Private Sub RunSimpleReplacements(ByRef oDoc As Word.Document)
Dim DocGenKeys As Range, valueSrc As Range
Dim value As String
Dim i As Integer
Set DocGenKeys = Lists.Range("DocumentGenerationKeywords")
For i = 1 To DocGenKeys.Rows.Count
If WordDocContains(oDoc, "#" & DocGenKeys.Cells(i, 1).Text & "#") Then
'Find the text that we will be replacing the placeholder keyword with
Set valueSrc = Range(Mid(DocGenKeys.Cells(i, 2).Formula, 2))
If valueSrc.MergeCells Then value = valueSrc.MergeArea.Cells(1, 1).Text Else value = valueSrc.Text
'Perform the replacement
WordDocReplace oDoc, "#" & DocGenKeys.Cells(i, 1).Text & "#", value
End If
Next i
End Sub
This is the function used to detect whether a keyword exists in the document:
' Purpose: Function called for each replacement to first determine as quickly as possible whether
' the document contains the keyword, and thus whether replacement actions must be taken.
Public Function WordDocContains(ByRef oDoc As Word.Document, ByVal searchFor As String) As Boolean
Application.StatusBar = "Checking for keyword: " & searchFor
WordDocContains = False
Dim storyRange As Word.Range
For Each storyRange In oDoc.StoryRanges
With storyRange.Find
.Text = searchFor
WordDocContains = WordDocContains Or .Execute
End With
If WordDocContains Then Exit For
Next
End Function
And this is where the rubber meets the road - the code that executes the replacement. This routine got more complicated as I encountered difficulties.

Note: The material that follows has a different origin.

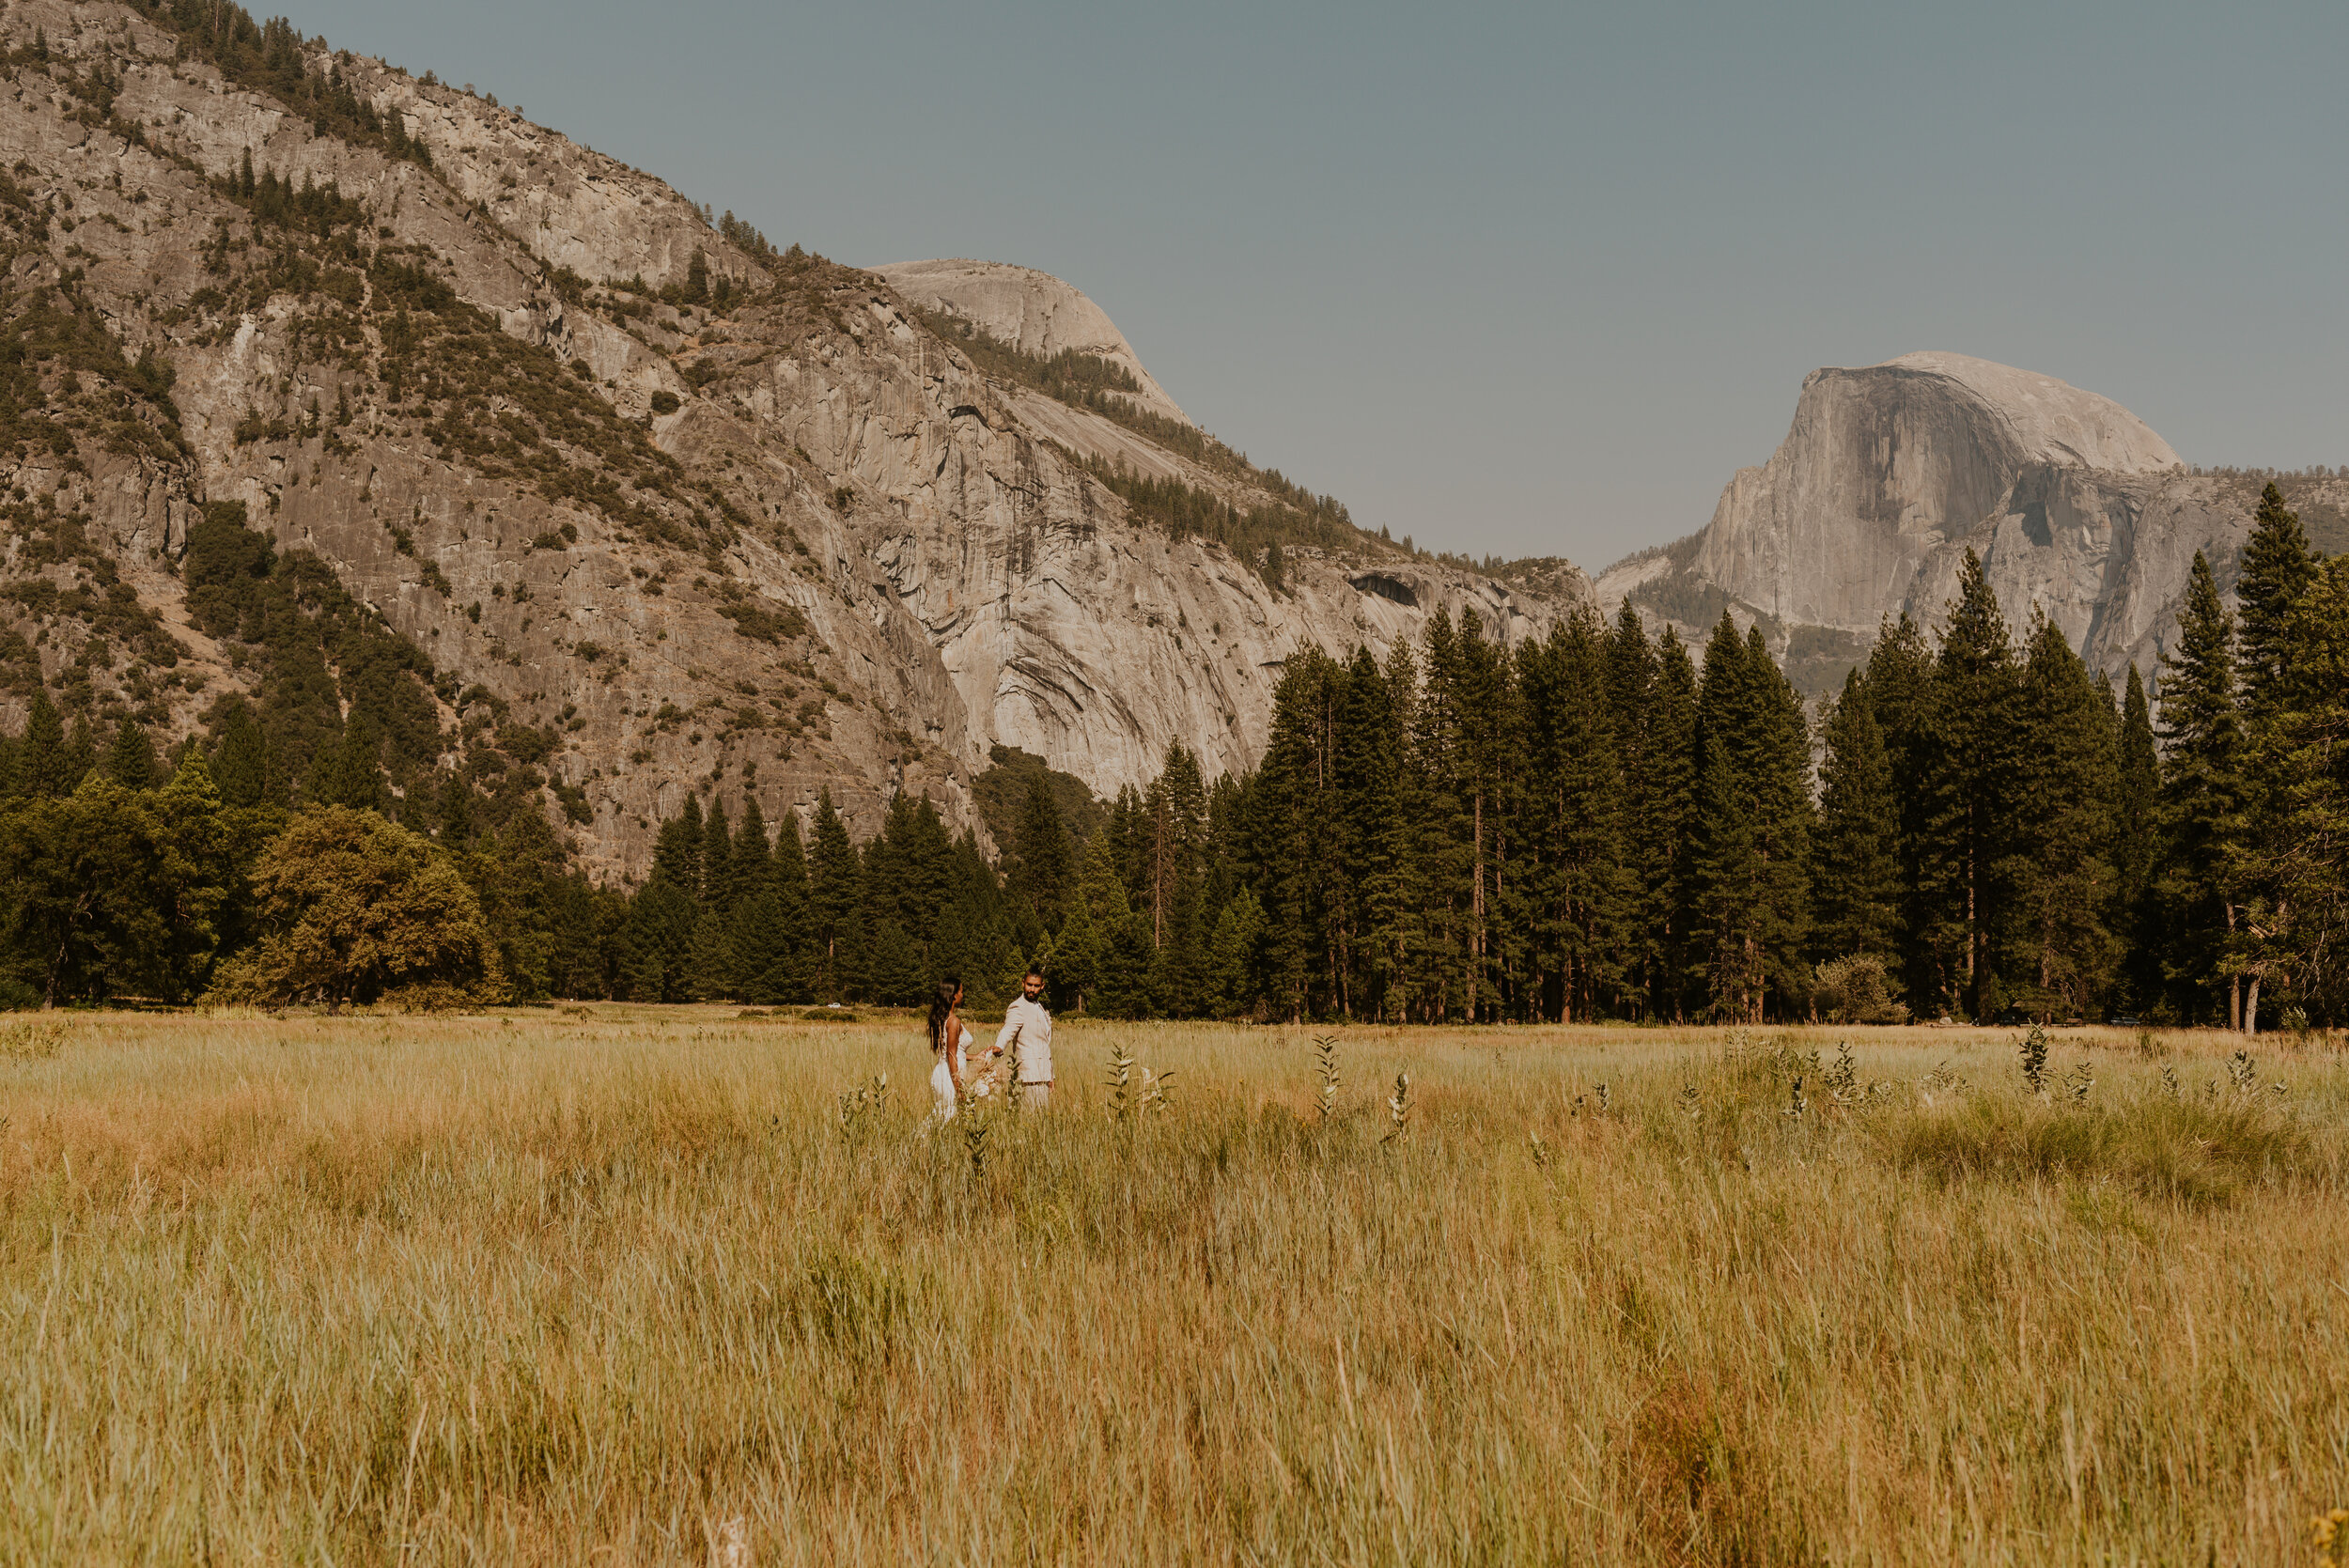 Yosemite Valley Elopement | Eloping in Yosemite National Park | Adventure Elopement Wedding | Yosemite Elopement Photographer | Cook’s Meadow | El Capitan Meadow
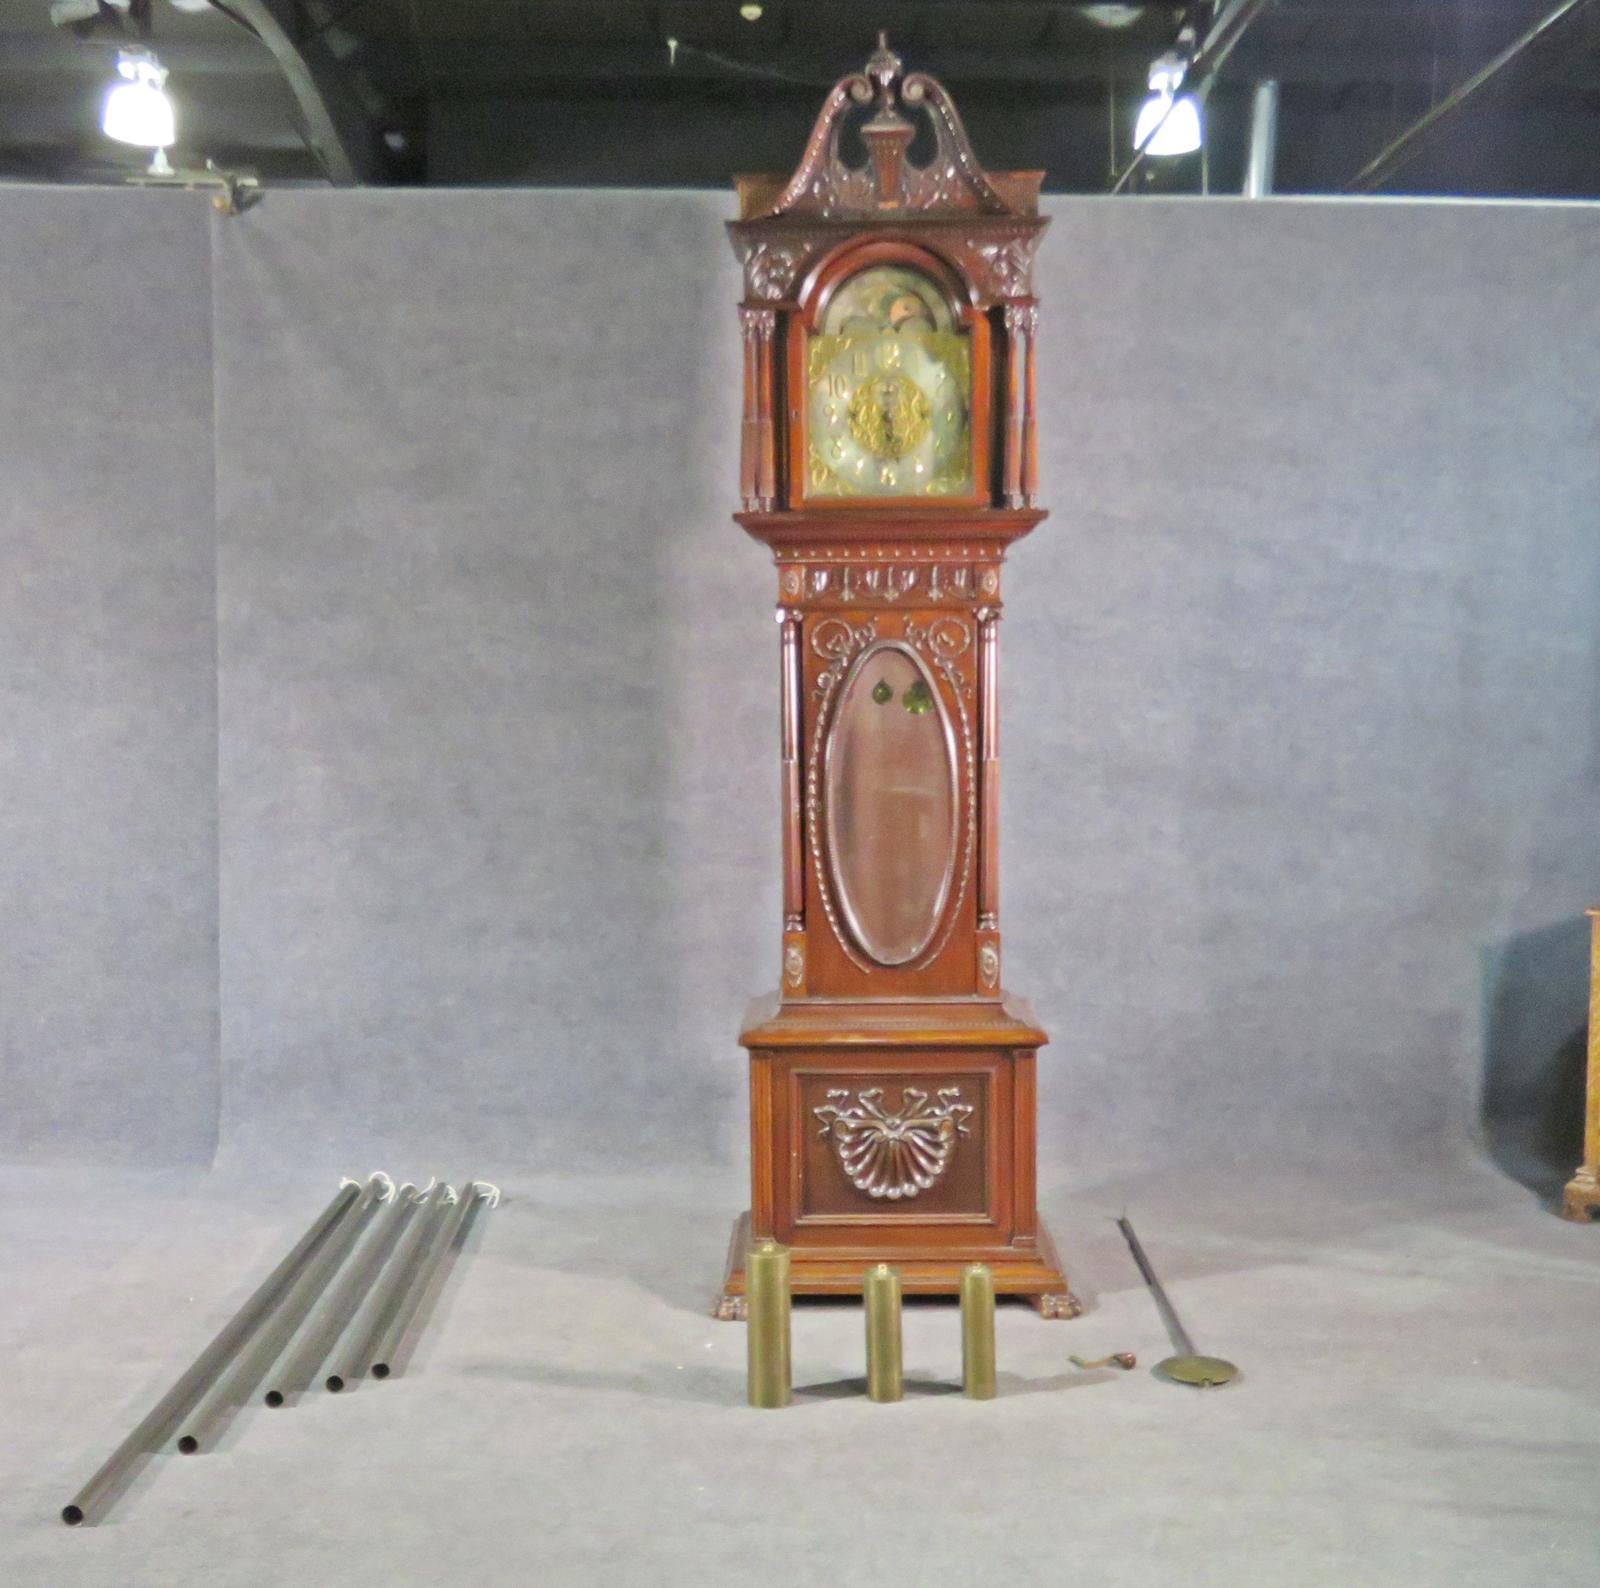 Dies ist eine spektakuläre Uhr mit, was ich glaube, ist eine solide geschnitzte Walnuss Durfee Gehäuse und und hat eine Elliot of London Bewegung. Der Fall hat einige Anzeichen von Verschleiß und ist in seinem ursprünglichen Zustand. Die Uhr

Here are the lessons you will only learn from experience:
You can set the replacement text directly, or you can use the clipboard. I found out the hard way that if you are doing a VBA replace in word using a string longer than 255 characters, the text will get truncated if you try to place it in the Find.Replacement.Text, but you can use "^c" as your replacement text, and it will get it directly from the clipboard. This was the workaround I got to use.
Simply calling replace will miss keywords in some text areas like headers and footers. Because of this, you actually need to iterate over the document.StoryRanges and run the search and replace on each one to ensure that you catch all instances of the word you want to replace.
If you're setting the Replacement.Text directly, you need to convert Excel line breaks (vbNewLine and Chr(10)) with a simple vbCr for them to appear properly in word. Otherwise, anywhere your replacement text has line breaks coming from an excel cell will end up inserting strange symbols into word. If you use the clipboard method however, you do not need to do this, as the line breaks get converted automatically when put in the clipboard.
That explains everything. Comments should be pretty clear too. Here's the golden routine that executes the magic:
' Purpose: This function actually performs replacements using the Microsoft Word API
Public Sub WordDocReplace(ByRef oDoc As Word.Document, ByVal replaceMe As String, ByVal replaceWith As String)
Dim clipBoard As New MSForms.DataObject
Dim storyRange As Word.Range
Dim tooLong As Boolean
Application.StatusBar = "Replacing instances of keyword: " & replaceMe
'We want to use regular search and replace if we can. It's faster and preserves the formatting that
'the keyword being replaced held (like bold). If the string is longer than 255 chars though, the
'standard replace method doesn't work, and so we must use the clipboard method (^c special character),
'which does not preserve formatting. This is alright for schedules though, which are always plain text.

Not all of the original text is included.